An unscientific check of national chain restaurants, coffee shops, bodegas and lunch counters along Jamaica Avenue on Monday morning showed almost nothing unusual — not even signs on the doors — until one got right into the heart of Downtown Jamaica.

And unless one noticed the sometimes-eerie-looking absence of the pedestrians, street vendors and much of the vehicle traffic that were far below regular levels for post-rush hour.

Even someone who had not heard of coronavirus would have known something was wrong on Monday if they spent any time at all on Jamaica Avenue.

The usually bustling foot traffic was reduced to a trickle between Springfield and Francis Lewis boulevards in Queens Village.

The southern side of Jamaica just west of Francis Lewis has a good deal of industrial space, and pedestrian foot traffic can be uneven until one moves west into the 170s and 160s. But there were still some signs.

A day care center posted a sign telling parents that it would be closed to all afterschool visitors, and another near 193rd Street had blocked off its outdoor playground. The sign on the former asked parents to sanitize their hands before entering.

Even when foot traffic picked up between 179th and 170th streets, it still was not that which could usually be expected on a sunny day in a booming and growing business and retail corridor.

Walking into the 160s, pedestrian traffic picked up, but not as would be expected. Even the street vendors appeared fewer and farther between.

East of the 170s nothing seemed out of place at restaurants, coffee shops and delis. Nothing was amiss at a Dunkin’ Donuts in Hollis just east of 205th Street that by Tuesday eliminated public seating.

Then came the signs. A nail salon near 169th Street posted one on its door asking clients to wash their hands as they arrived.

A Chipotle restaurant had a sign on its door saying it was reducing setting capacity by 50 percent; a Popeyes restaurant on Parsons Boulevard already had eliminated seating in its dining area. Both notes encouraged customers to use their apps for delivery services.

Not even national clothing store chains were taking undue risks. A flier on Burlington Coat Factory’s door asked customers to stay home if not feeling well, and to cover their coughs and sneezes and to wash their hands often. The Gap and H&M posted temporary schedules of shorter hours.

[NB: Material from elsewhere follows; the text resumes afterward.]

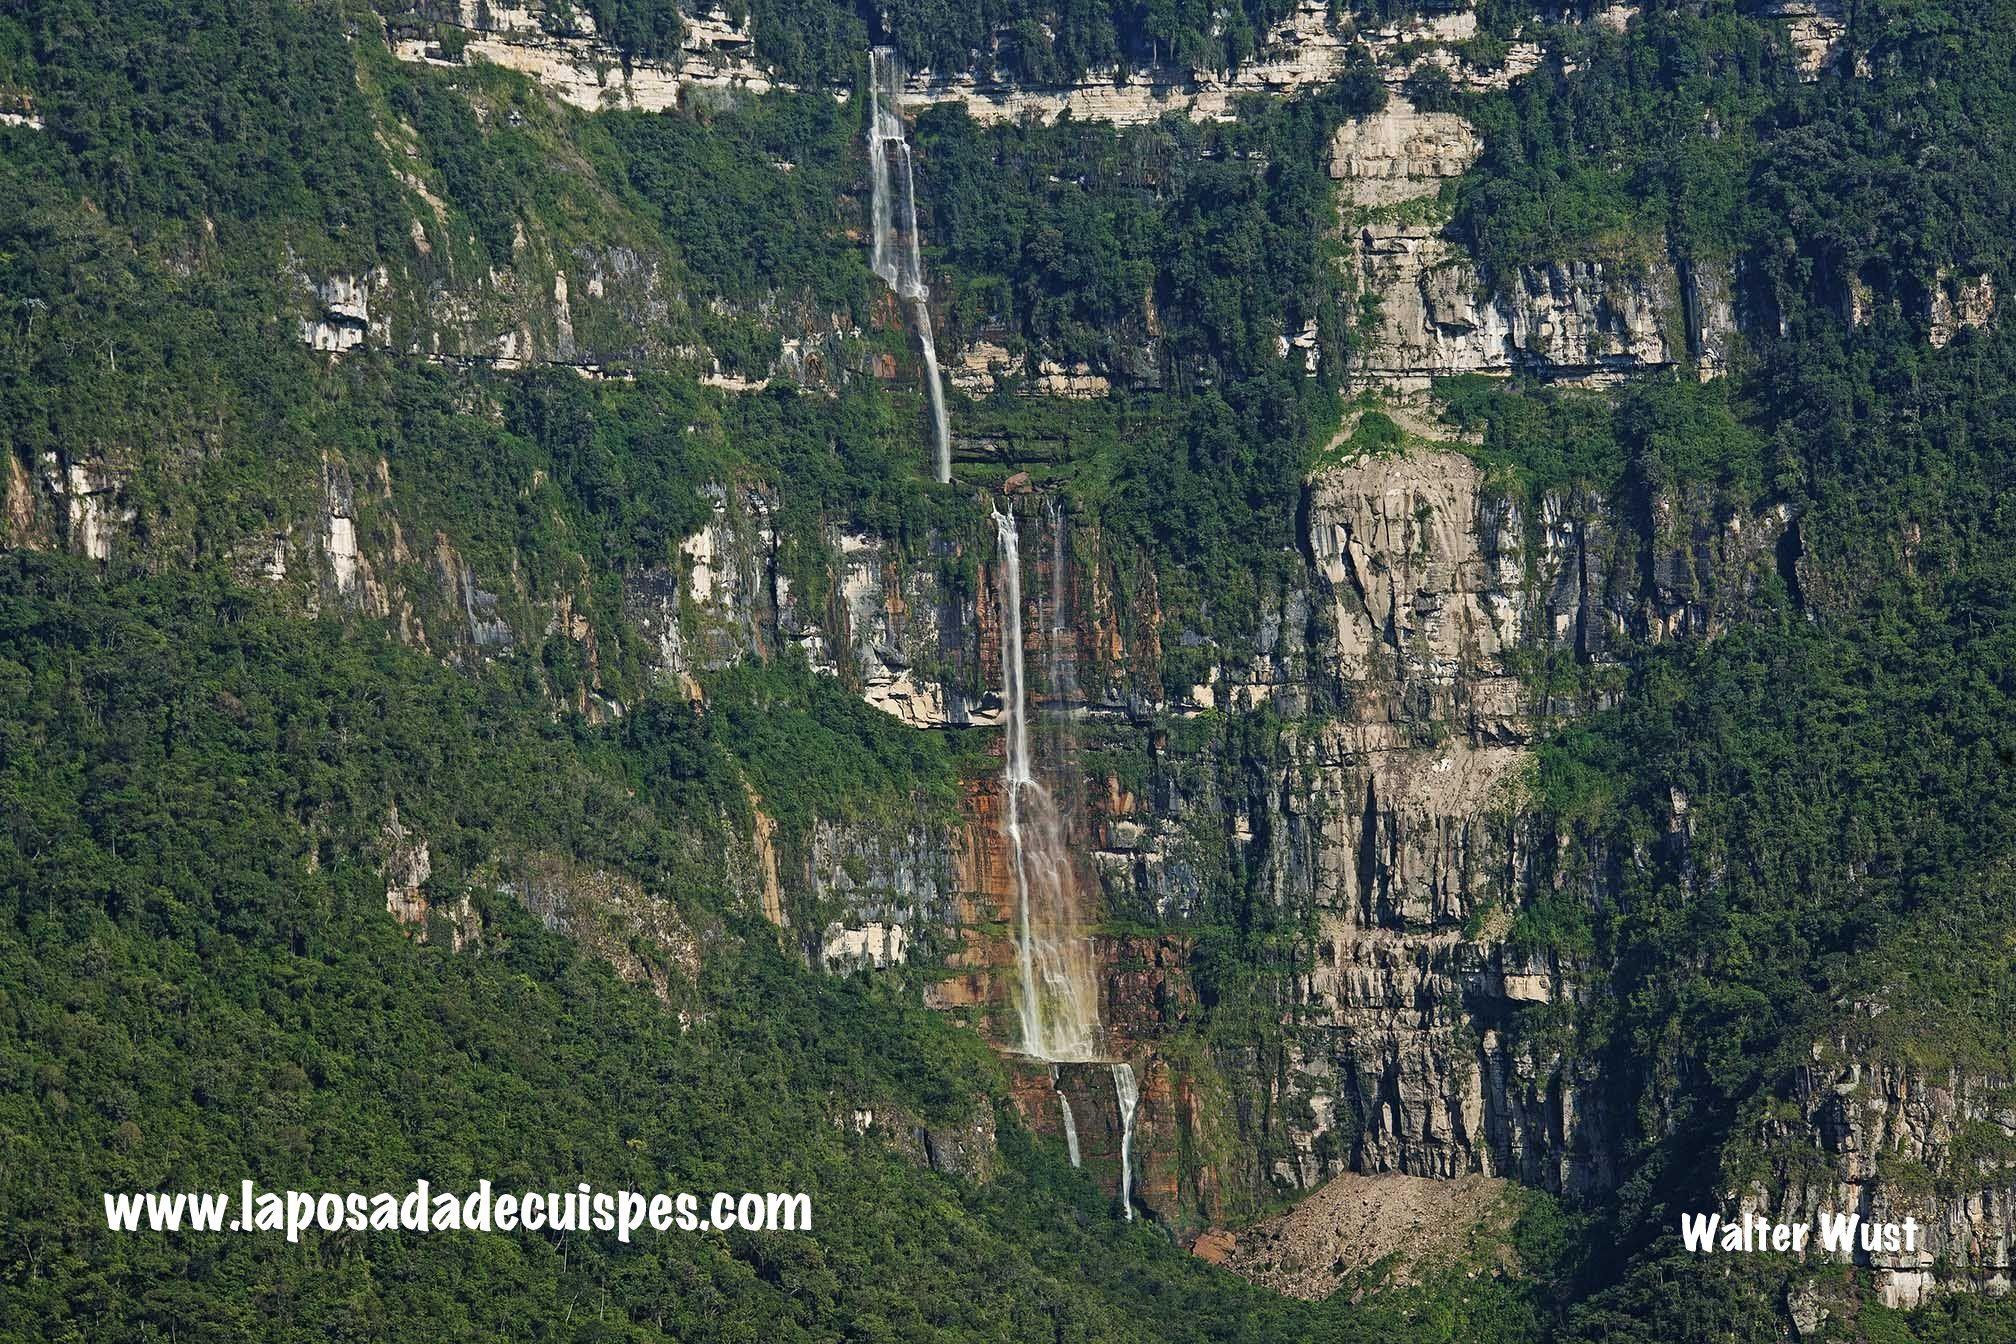 Si disfrutas del turismo a lugares poco conocidos deseas conocer la Catarata Yumbilla de 895m (124m más alta que catarata Gocta), Catarata Chinata de 560m o Pabellon de 400m de altura, La Posada de Cuispes, es el lugar ideal, como punto de partida de tu aventura. http://laposadadecuispes.com/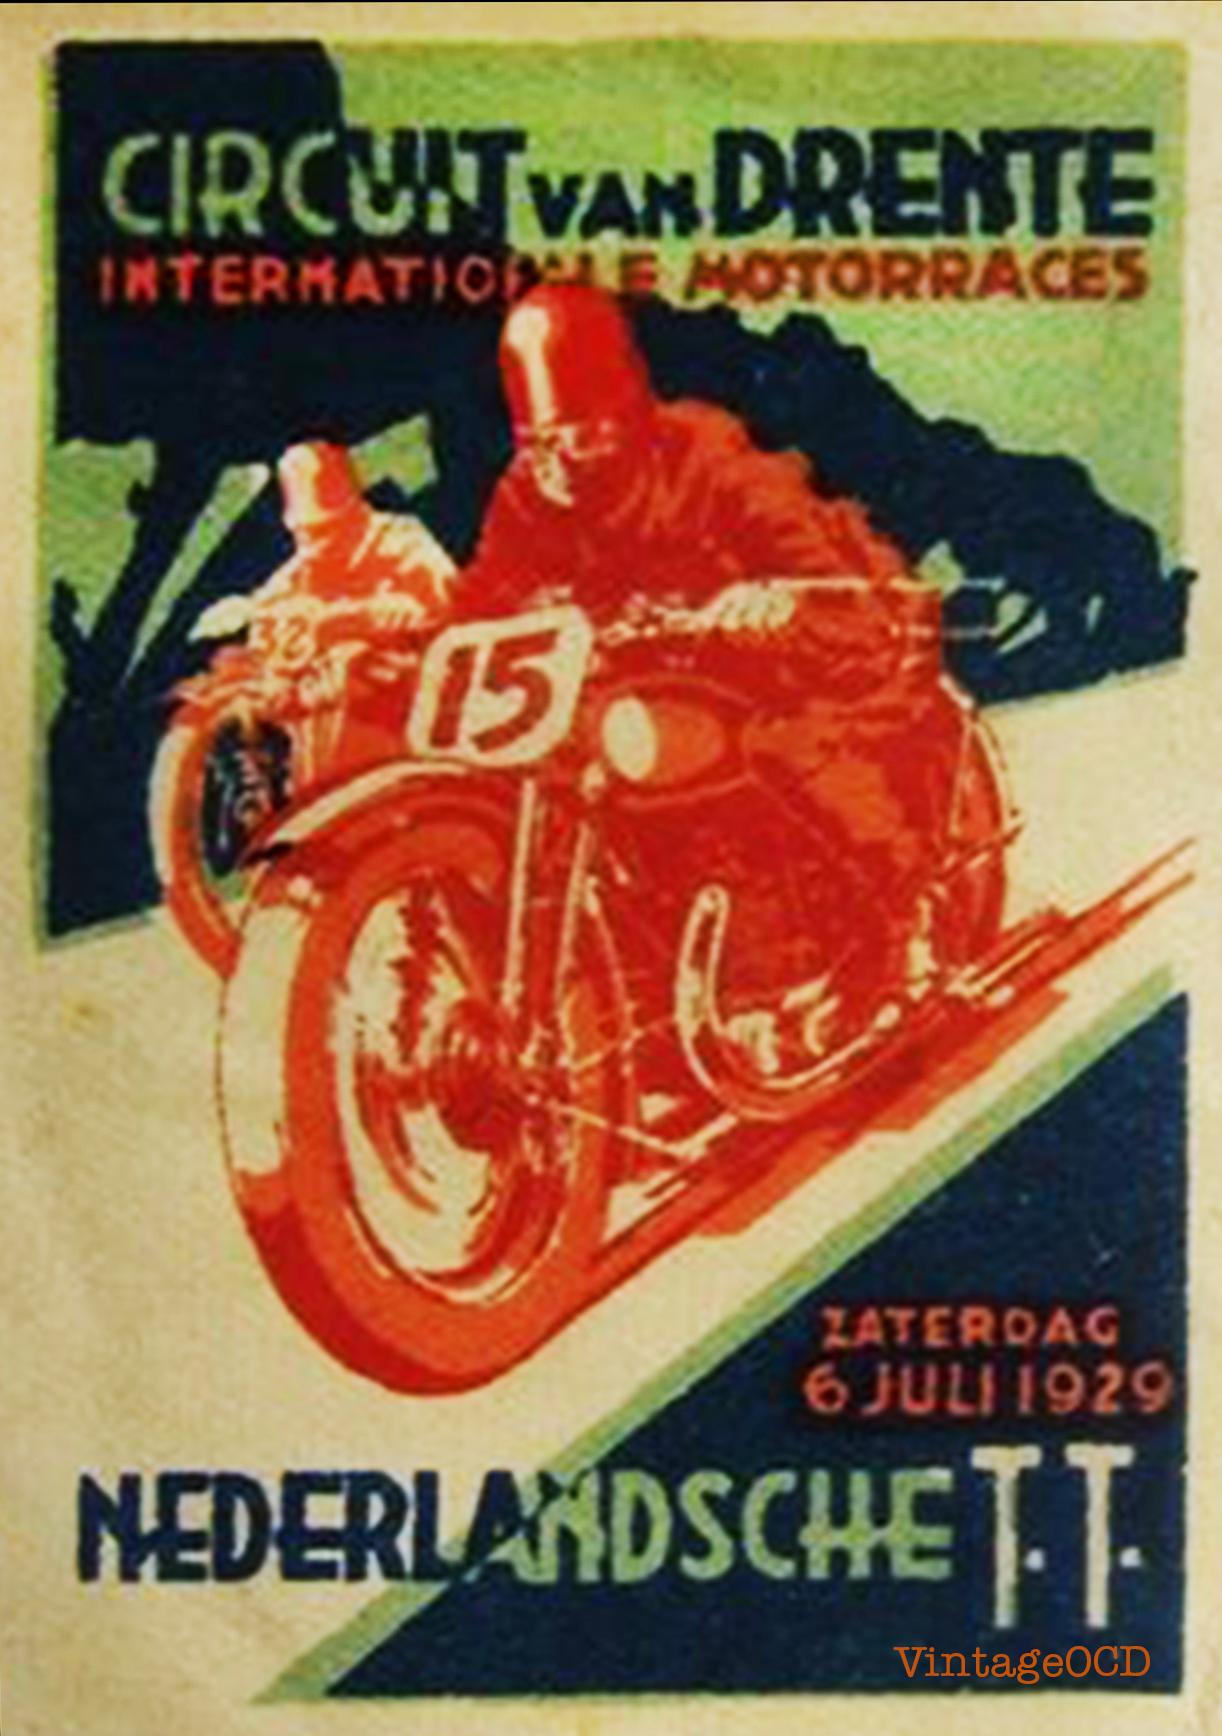 Motorcycle Racing Poster Vintage Ocd

About the only place where traffic seemed to be normal was on the line outside the Social Security office located in the Joseph P. Addabbo Federal Building at the corner of Jamaica and Parsons.

A brief stroll led from there to the Long Island Rail Road’s Jamaica Station, where the LIRR platforms resembled veritable ghost towns between 11 and 11:30 a.m.

Activity on the station’s AirTrain concourse appeared to be about normal for midday. But while the NY Deli, Tim Horton’s and the Air Bar were all open, the customary seating area was open floor, with chairs and tables stacked in a corner.

The E train ride from Jamaica Station to 71st/Continental Avenue in Forest Hills appeared to have far fewer riders than usual, with people taking care to observe “social distancing,” even in some cases, if it meant standing.

Coming up to street level just before noon, the Queens Boulevard, Austin Street and 71st Avenue business corridors were populated by far fewer pedestrians than normally expected at the start of lunch hour. Unlike in Jamaica, even the smallest bar or restaurant had a sign noting restricted hours, decreased capacity or temporary closure.

Nearby, a Dunkin’ Donuts on Yellowstone Boulevard already had eliminated seating, as did just about every other eatery checked by the Chronicle Tuesday.

The Tuesday and Wednesday morning rush hour on the F train from 169th Street would be somewhat more occupied than it had been on Friday, March 13, but still not what an informal observer would say was up to the line’s normal weekday morning traffic.